А Сажин вставал и, уходя, говорил:
– Ну, уж это… один из приемов субъективизма.
Среди остальной компании у Сажина поклонников не было.
Студент доктор был весь поглощен своею специальностью и не хотел связывать себя никакими кличками.
Геннадьич относился к доктору сперва пренебрежительно и восхвалял Лихушина.
– Сила, знанье! И на все его хватает, – это герой.
Но кончилось тем, что к Лихушину Геннадьич стал охладевать и, наоборот, начал все больше увлекаться доктором.
– У Лихушина крупный недостаток: у него «я» даже его переросло.
Доктор был простой, уравновешенный малый. Он и ел, и пил, и пел, и работал и с одинаковым усердием, весело, взасос все это делал.
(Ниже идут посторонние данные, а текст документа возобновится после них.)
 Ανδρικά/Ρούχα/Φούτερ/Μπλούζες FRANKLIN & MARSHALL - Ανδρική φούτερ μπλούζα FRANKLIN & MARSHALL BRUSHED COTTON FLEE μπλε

Он весь сосредоточивался на том, за что брался в данный момент с увлечением, с огнем.
Не любил он только всяких отвлеченных споров. Это было единственным временем, когда доктор вдруг сосредоточивался и, молча пощипывая свою бородку, терпеливо ждал, когда кончат спорщики. Иногда ждать приходилось долго, и доктор говорил:
– Давайте лучше петь, господа.
– Ты не любишь споров? – спрашивал его Геннадьич.
– Я понимаю, – отвечал доктор, – научные диспуты: соберутся люди специально с этою целью, строго держатся основной нити, а вы ведь, как козы, прыгаете с одного предмета на другой.
– Ну черт с тобой, будем петь!
И они пели: Геннадьич стоя, вытягивая свою длинную шею, складывая руки на животе, точно кто собирается в это время ткнуть его, а доктор, кряжистый, сильный, пригибая подбородок, упираясь так, словно собирался бороться.
Пели они с чувством, с силой: Геннадьич тенорком, доктор – мягким раскатистым баритоном. Пели, увлекаясь, иногда по целым ночам.
Но в восемь часов утра, умытый и свежий, доктор уже открывал свою лавочку, то есть прием больных.
Собранный, возбужденный, он толково опрашивал больных, своим интересом к ним вызывая и в них энергию и веру.
Популярность его росла, и прием больных доходил до восьмидесяти в день.
– И ведь это, – толковал нам доктор, – не земский прием, где и двести пятьдесят примут таким путем: «Эй, у кого рвота, болит живот под ложечкой – выходи влево. У коего великая скорбь – стой на месте. У кого глаза – вправо. У кого лихоманка – иди к забору. Остальные заходи в приемную». Зайдет человек двадцать, из которых штук пятнадцать еще отправит к прежним группам, которым фельдшера по одному рецепту выдают лекарства. А я ведь каждого больного… Вы пожалуйте-ка ко мне на прием.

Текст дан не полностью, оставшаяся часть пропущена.